Ville d’Ohrid (Macédoine du nord).

Ohrid (en macédonien : Охрид, est une commune et une ville du sud-ouest de la Macédoine du Nord, située sur le lac d’Ohrid. La commune comptait 51 428 habitants en 2021 et couvre 389,93 km2. La ville en elle-même comptait 38 818 habitants, le reste de la population étant réparti dans les villages alentour. Grâce à ses richesses tant naturelles qu’historiques et artistiques, Ohrid est la capitale touristique du pays. Ses plages sur le lac ainsi que son port de plaisance en font aussi la principale station balnéaire macédonienne. Ohrid possède par ailleurs le deuxième aéroport international du pays, l’aéroport Saint-Paul-l’Apôtre d’Ohrid.

La ville d’Ohrid est née pendant l’Antiquité : elle s’appelait alors Lychnidos et possédait un théâtre antique et une acropole.

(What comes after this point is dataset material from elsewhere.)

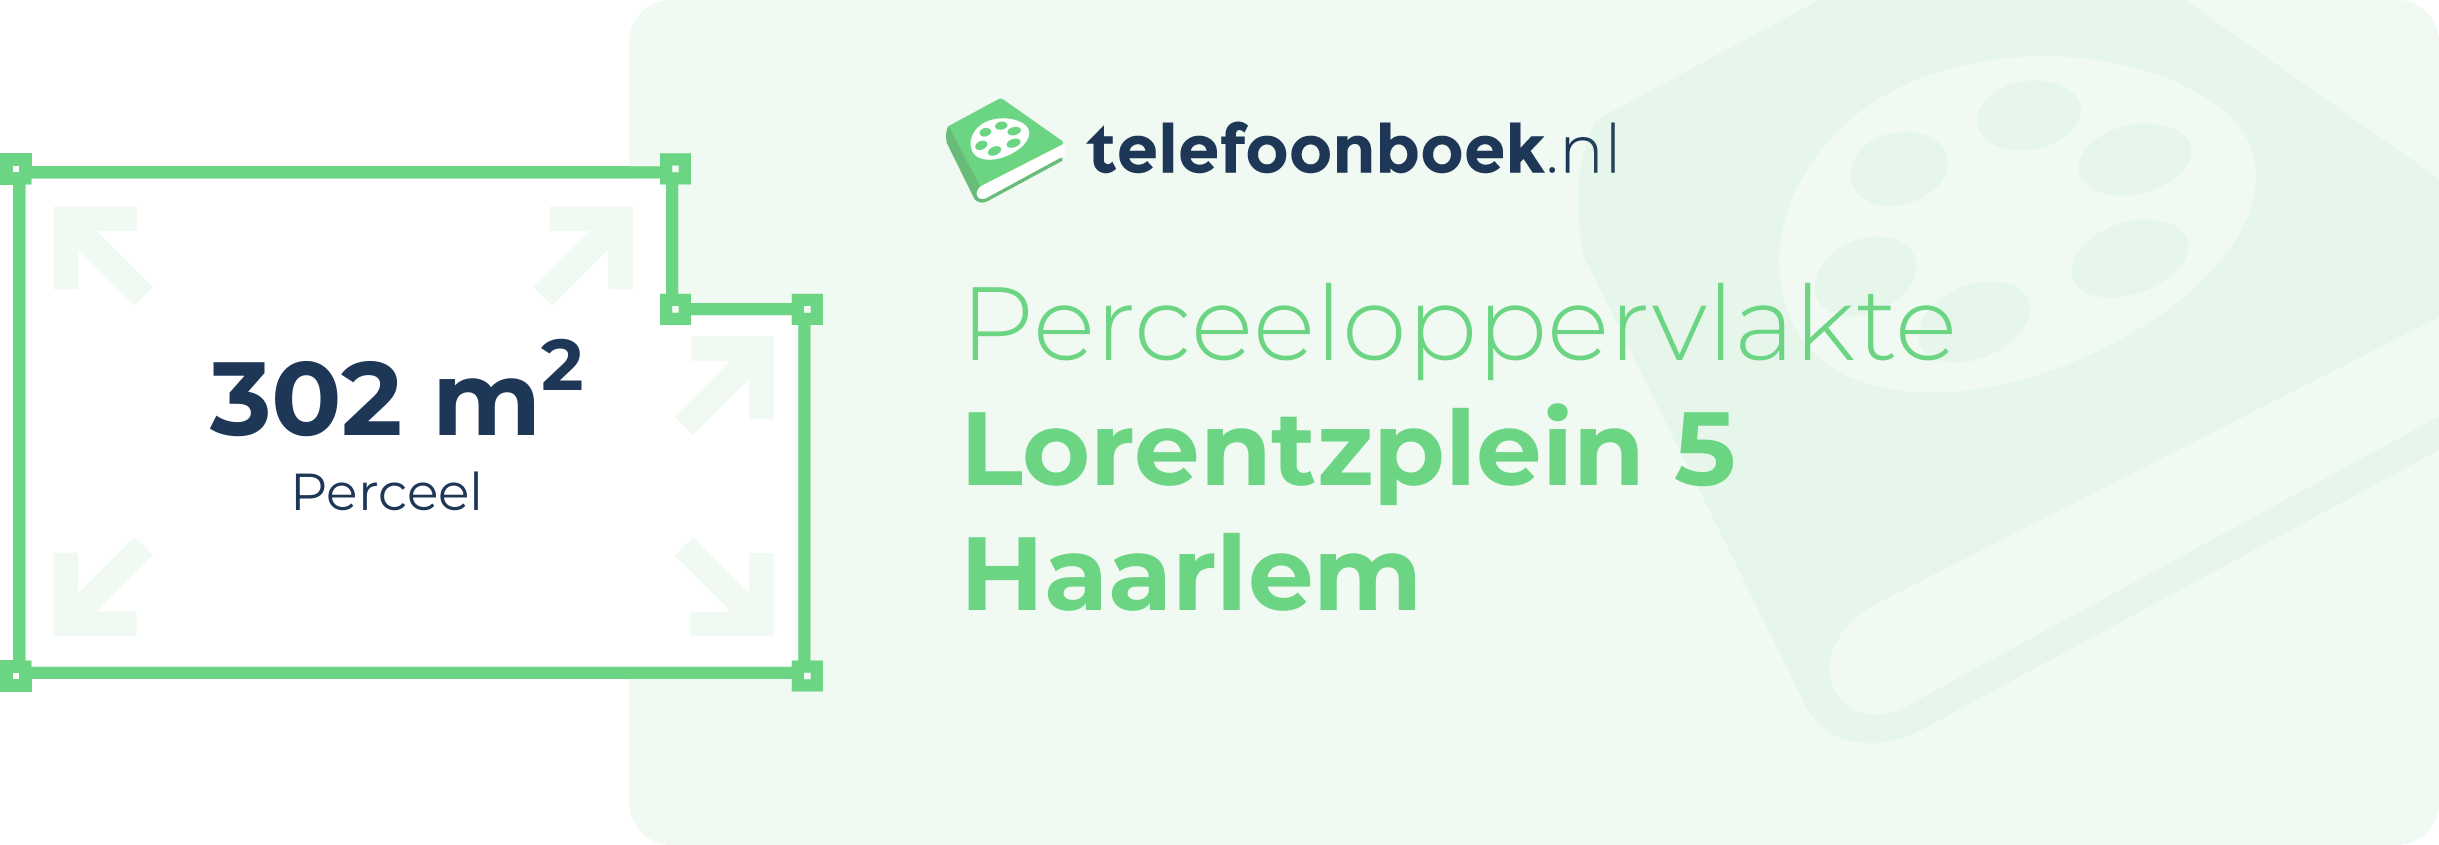 Perceeloppervlakte Lorentzplein 5 Haarlem

Après les invasions slaves du début du Moyen Âge, la ville devient au ixe siècle un grand centre religieux et culturel. Saint Clément d’Ohrid y fonde alors un grand monastère et participe à l’établissement de l’alphabet cyrillique et de la culture macédonienne. Un siècle plus tard, Samuel Ier fait d’Ohrid la capitale de son empire.

Conquise par les Ottomans, Ohrid connaît un certain déclin avant de devenir au XIXe siècle un foyer de développement du nationalisme macédonien. Au XXe siècle, la ville redevient le siège de l’Église orthodoxe macédonienne autocéphale, qui avait été supprimée par les Turcs au XVIIIe siècle. Le développement du tourisme ainsi que la prise de conscience de ses richesses naturelles et historiques ont conduit en 1979 à l’inscription de la ville et de son lac au patrimoine mondial de l’Unesco. Le massif voisin de Galičica est quant à lui protégé par un parc national depuis 1958.


Des vestiges de maisons, tombes et céramiques permettent d’établir une présence au Néolithique dans quelques villages autour de la ville d’Ohrid. Près de celui de Gorentsi, situé à 9 kilomètres de la ville, des fouilles ont permis de mettre au jour des nécropoles de l’Âge du fer, de la culture de Hallstatt. La région est alors habitée par le peuple des Enhéliens.

À partir du règne de Philippe II en Macédoine, l’artisanat local suit de plus en plus l’art gréco-macédonien. C’est à cette période qu’apparaît la ville antique de Lychnidos. Elle est à l’époque romaine une étape importante sur la via Egnatia, voie terrestre qui relie les rives de l’Adriatique et celles de la mer Égée. La ville reste toutefois dans l’aire d’influence hellénistique. Sous la République romaine, de nombreux monuments sont construits dans la ville et, pendant l’Antiquité tardive, elle est mentionnée comme centre épiscopal. La première mention date du conclave de Serdica, qui s’est déroulé en 343 ; Dionysus de Lychnidos, évêque de la ville, est un des signataires.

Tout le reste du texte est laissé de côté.